Why Glass Onion didn’t work for me
I have some thoughts on Glass Onion (2022), the sequel to Knives Out. I loved Knives Out. It scratched an itch that I didn’t even know I had. Big house, lots of well-developed characters, intrigue, a memorable detective, interesting victim, humour. It wasn’t “cozy” mystery, but it has the feel of old school whodunnit.
Unfortunately, Glass Onion didn’t work although it has most of these elements anyway. And I think it came down to three problems.
(Mild spoilers about the structure of the movie ahead. I’ll try to keep plot spoilers to a minimum.)
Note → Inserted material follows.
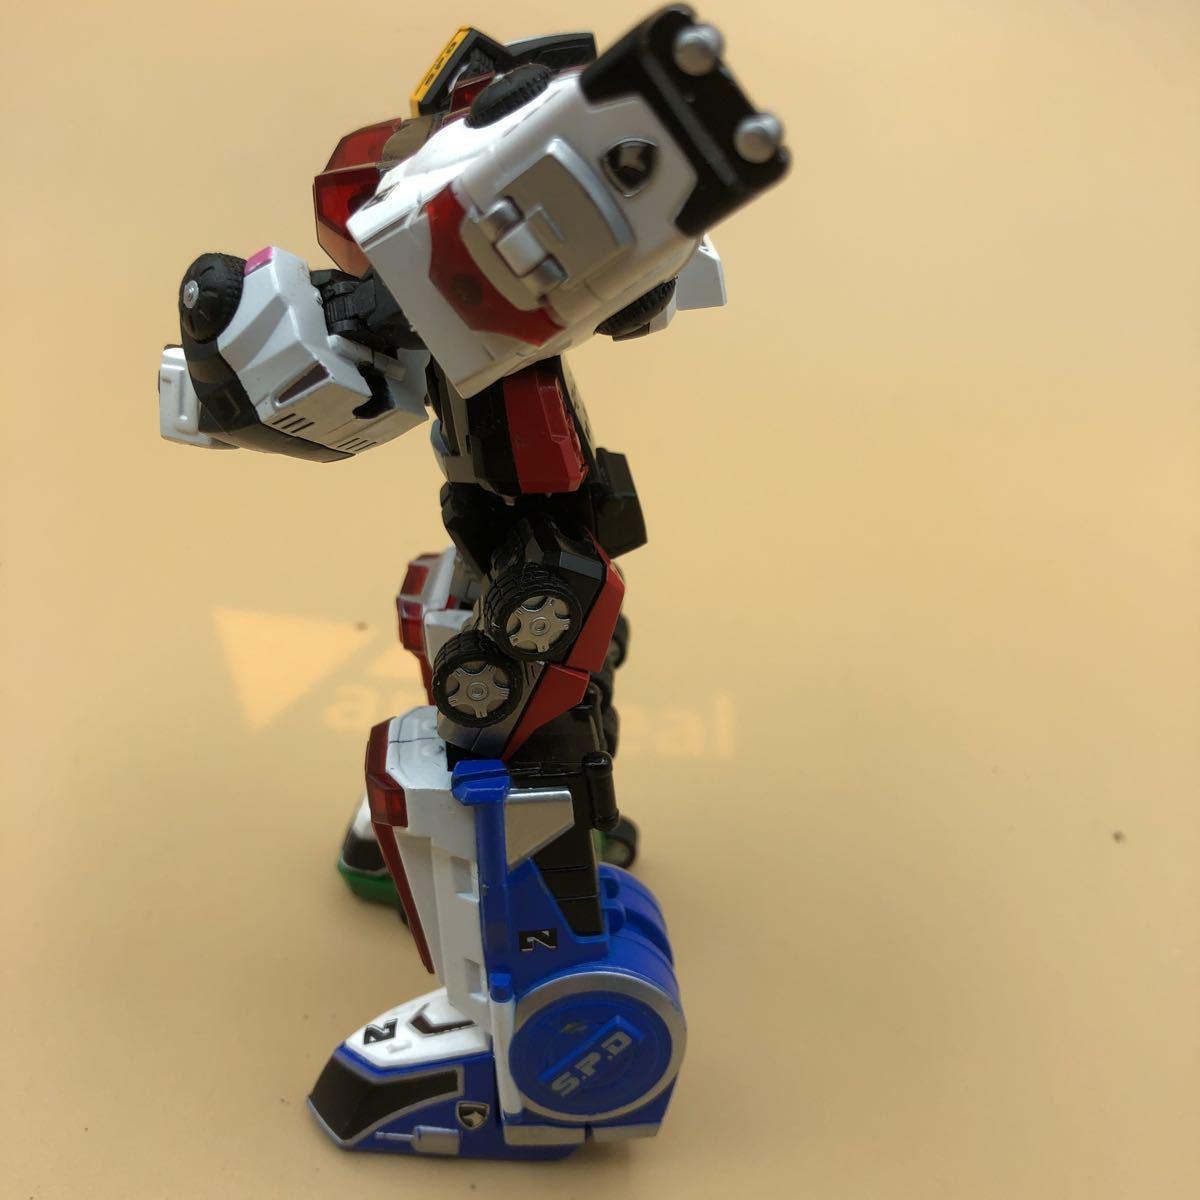 戦隊シリーズ スーパーロボット超合金 特捜戦隊デカレンジャー デカレンジャーロボ パーツ欠損有_画像3
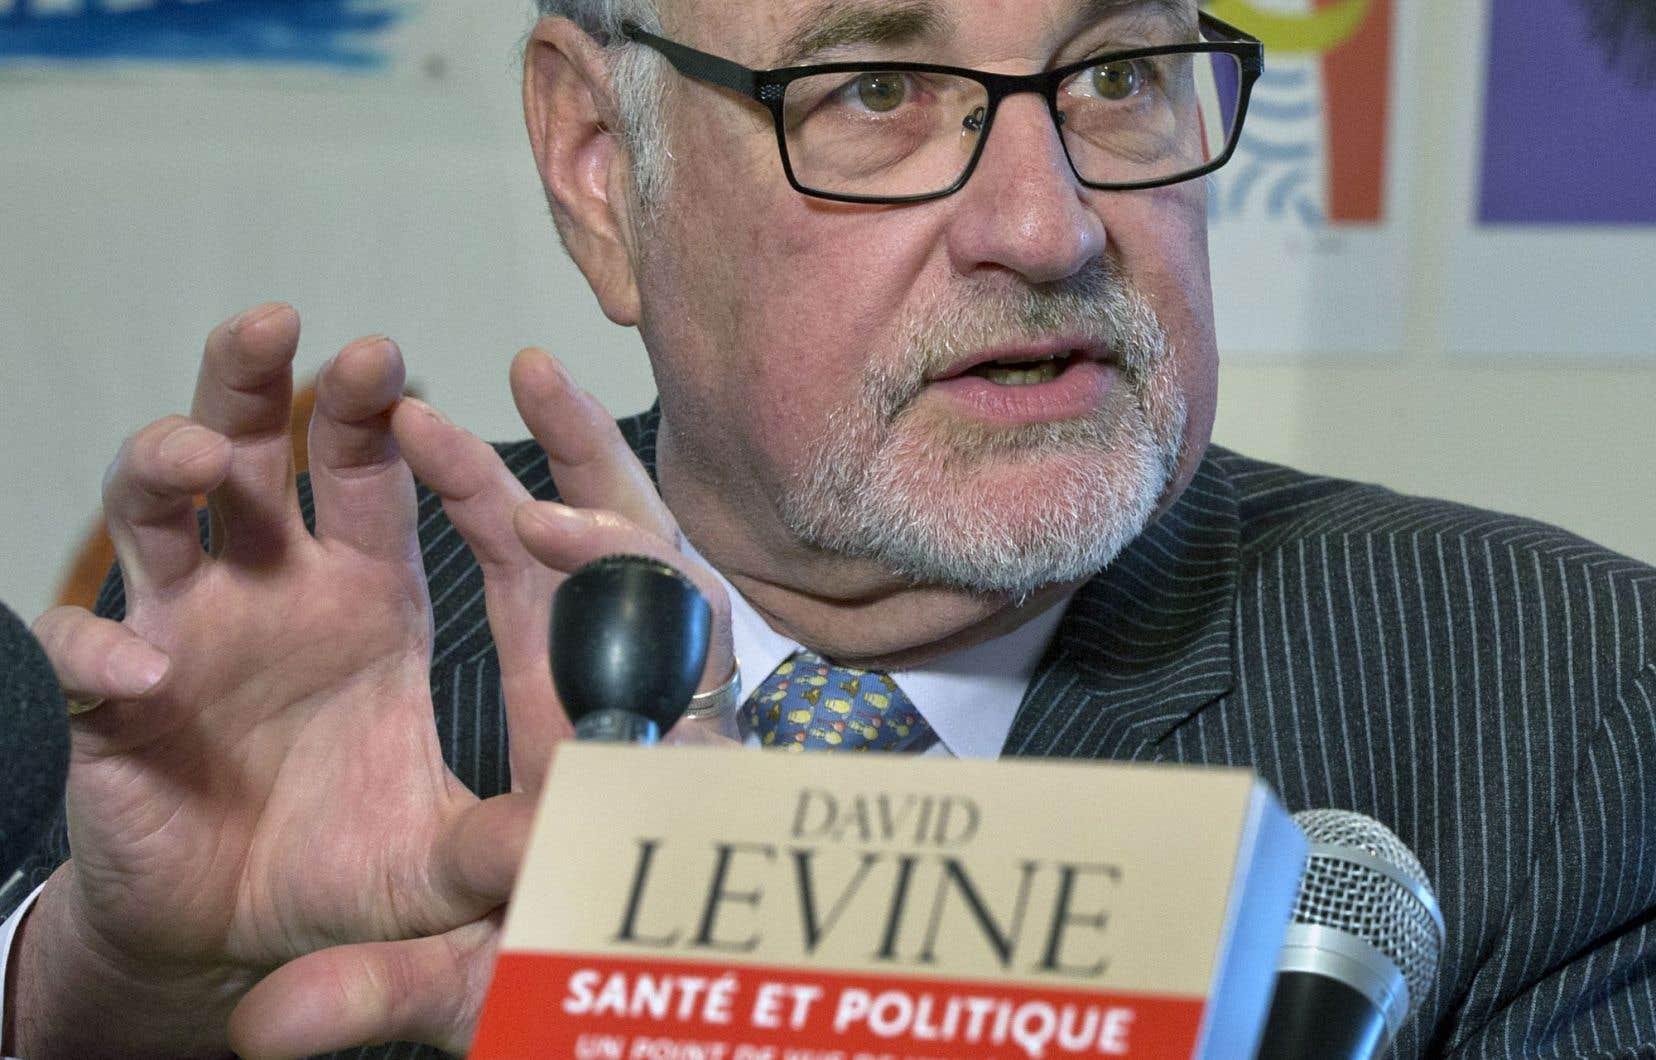 David Levine raconte son expérience de gestionnaire et propose des solutions pour améliorer le système de santé québécois dans son livre «Santé et politique, un point de vue de l'intérieur», publié chez Boréal.

Firstly, we didn’t really get to know the primary victim. The victim was the most one-dimensional character in the whole movie. That can work in a detective story if we get to know the victim’s impact on the supporting characters over the story. Unfortunately all the suspects had exactly the same antagonistic relationship with the victim, so there was no way to make the victim flesh-&-blood through interactions.
Secondly, the secondary crime. In detective fiction, there’s a venerable tradition of “crime committed in front of detective”. Sometimes the detective is there by chance, sometimes by design. But “detective is on a case & sees a related crime” plots must show that the related crime hinders the original detection in an obvious way. Maybe the main suspect gets murdered. Maybe the client vanishes. The crime that Blanc sees happening in Glass Onion is not a hindrance to the case. The victim is also the worst person in the movie. So we have no stake at all in the secondary crime, not even sympathy for the victim.
Which leads us to the third point: the mid movie plot twist. They revealed the plot twist to make sense to the plot, to make the secondary crime count. Which is great, but a plot twist where the secret was known to the detective but not to the audience is anathema to whodunnits. A good plot twist reveal, like the one in Knives Out, brings us closer to the person with the secret as we share their secret. But we are supposed to be on the side of the detective anyway, especially in a sequel! “You get to know a secrtet advantage the good guys had” is a thriller trope, not a whodunnit trope.
So, what was Glass Onion? A third-rate revenge thriller told in the form of a classic whodunnit that didn’t realise why the first was successful.
Only good part was the detective’s realisation that the billionaire was a fucking idiot. They took a lot of inspiration from real life CEO types in creating that character. Jobs, Musk, Jack, Bezos… They — especially Musk — should see it.